_Problem to solve_
Go to the line holding "Human neuron low" in the data below. Return it and each line after it through the last, exactly, and skip the pictures.

_Information shown_
:::::

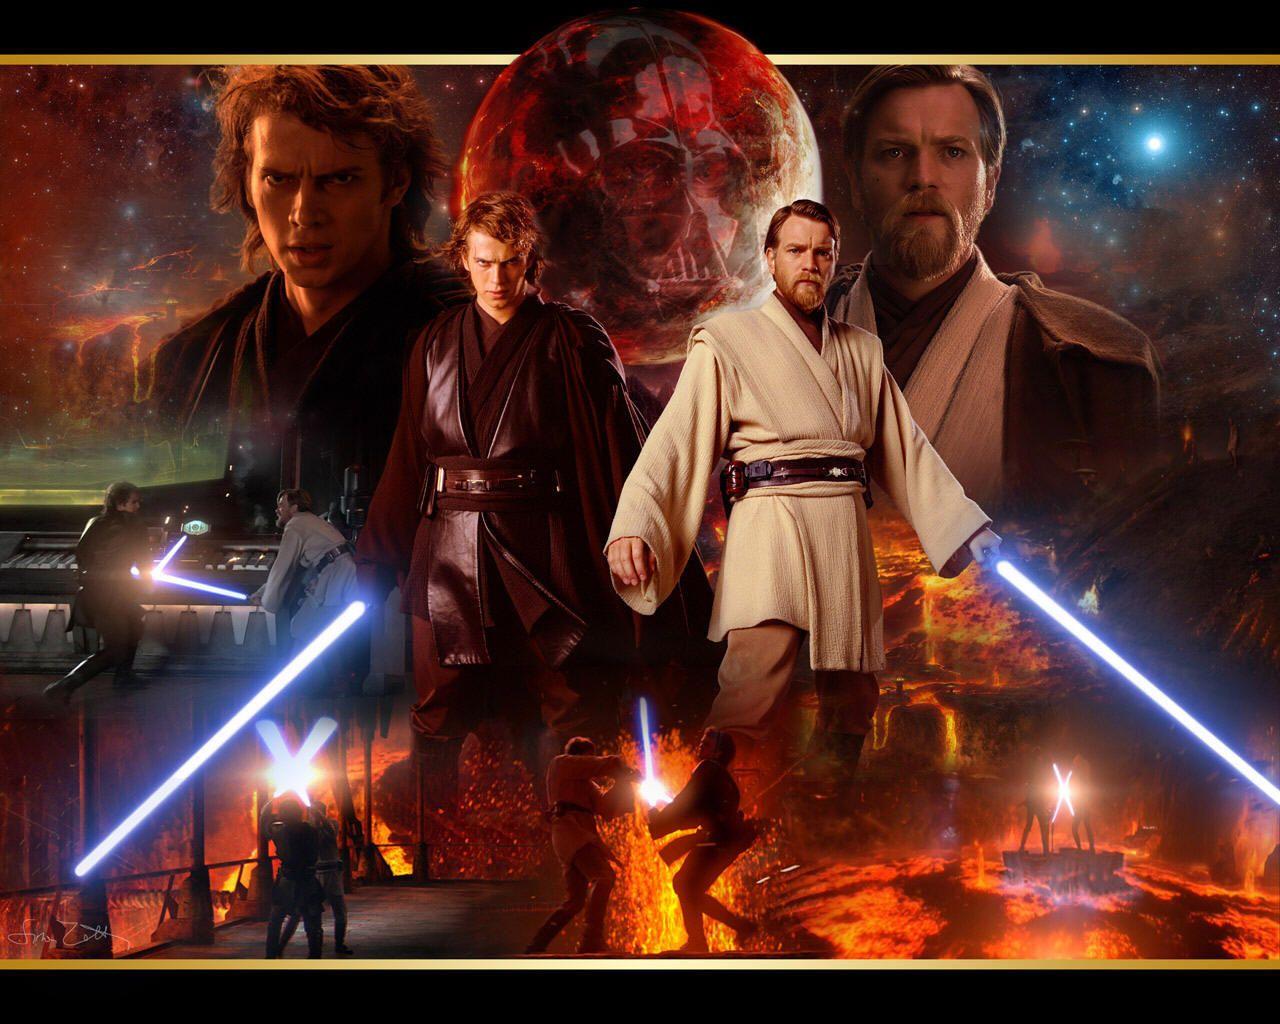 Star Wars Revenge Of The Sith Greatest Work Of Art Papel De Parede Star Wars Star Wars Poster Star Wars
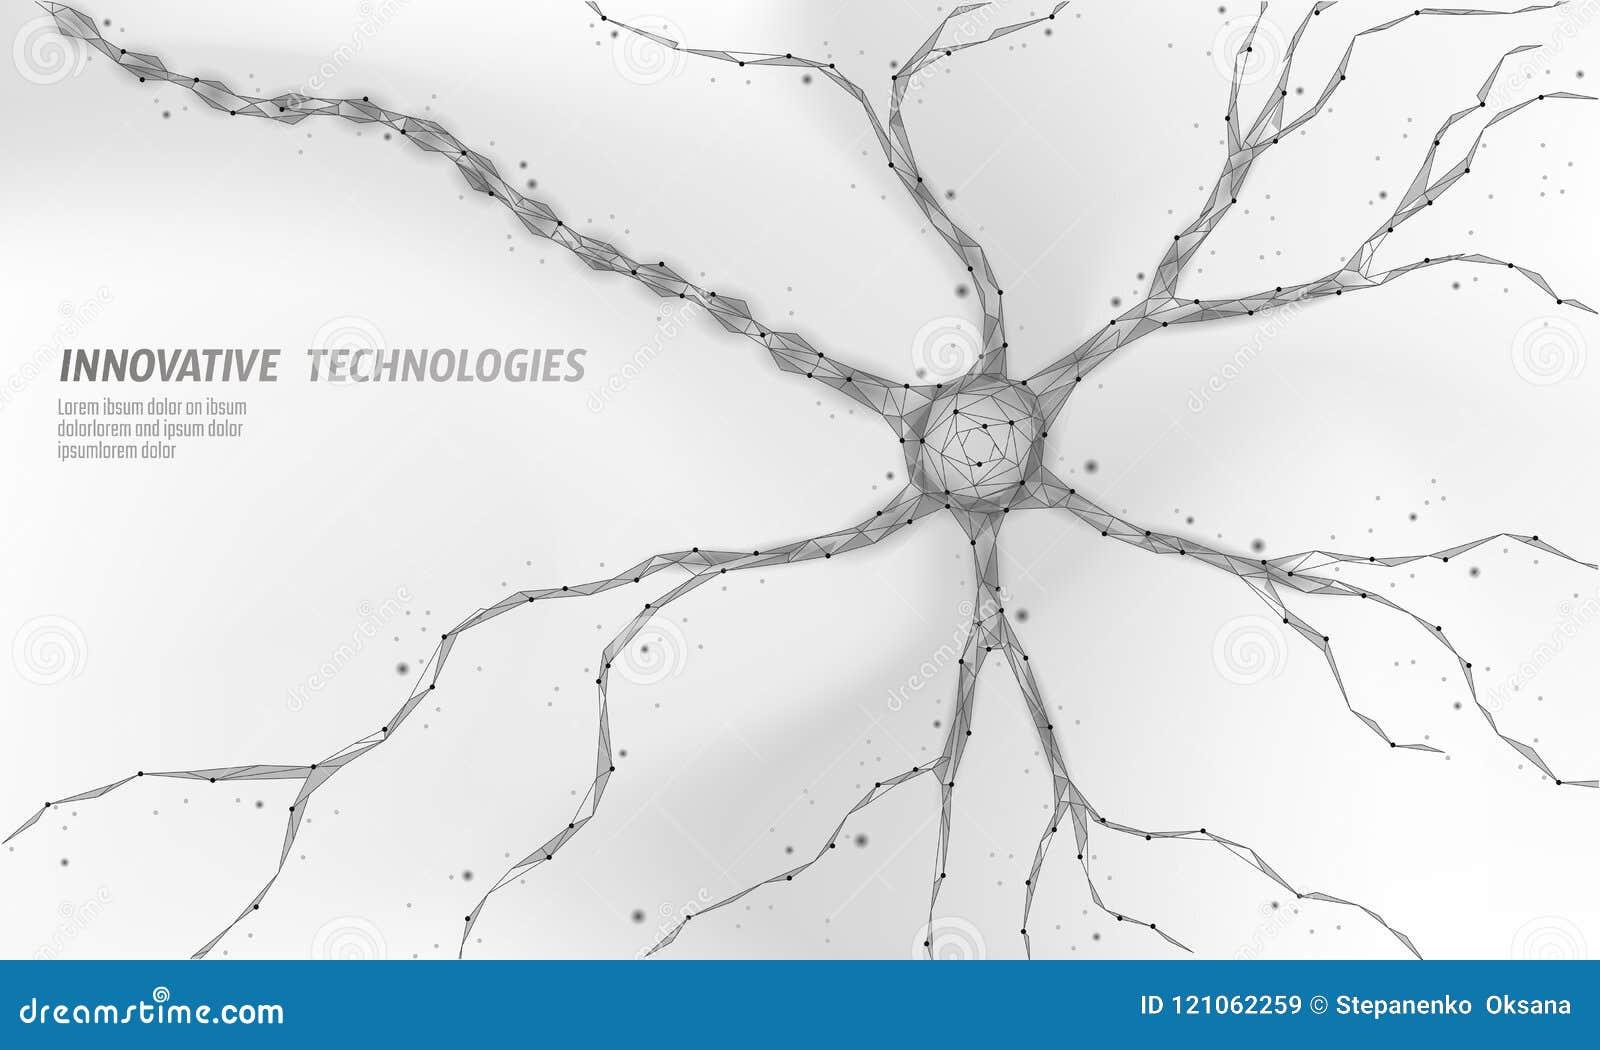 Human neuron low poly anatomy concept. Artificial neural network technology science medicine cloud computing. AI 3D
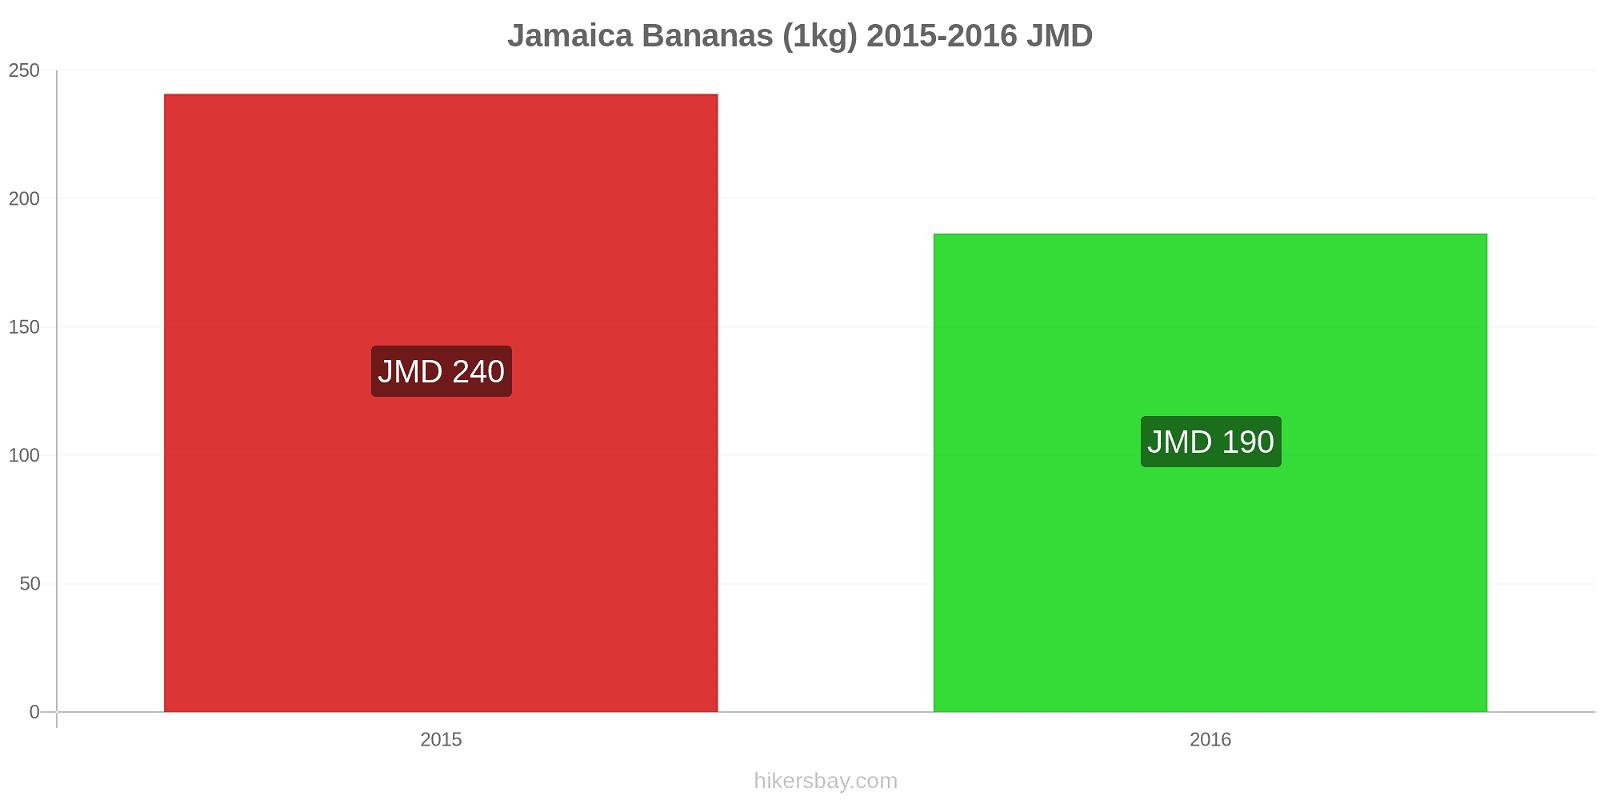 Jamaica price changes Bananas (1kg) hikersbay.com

:::::

_The answer_
 Human neuron low poly anatomy concept. Artificial neural network technology science medicine cloud computing. AI 3D
 Jamaica price changes Bananas (1kg) hikersbay.com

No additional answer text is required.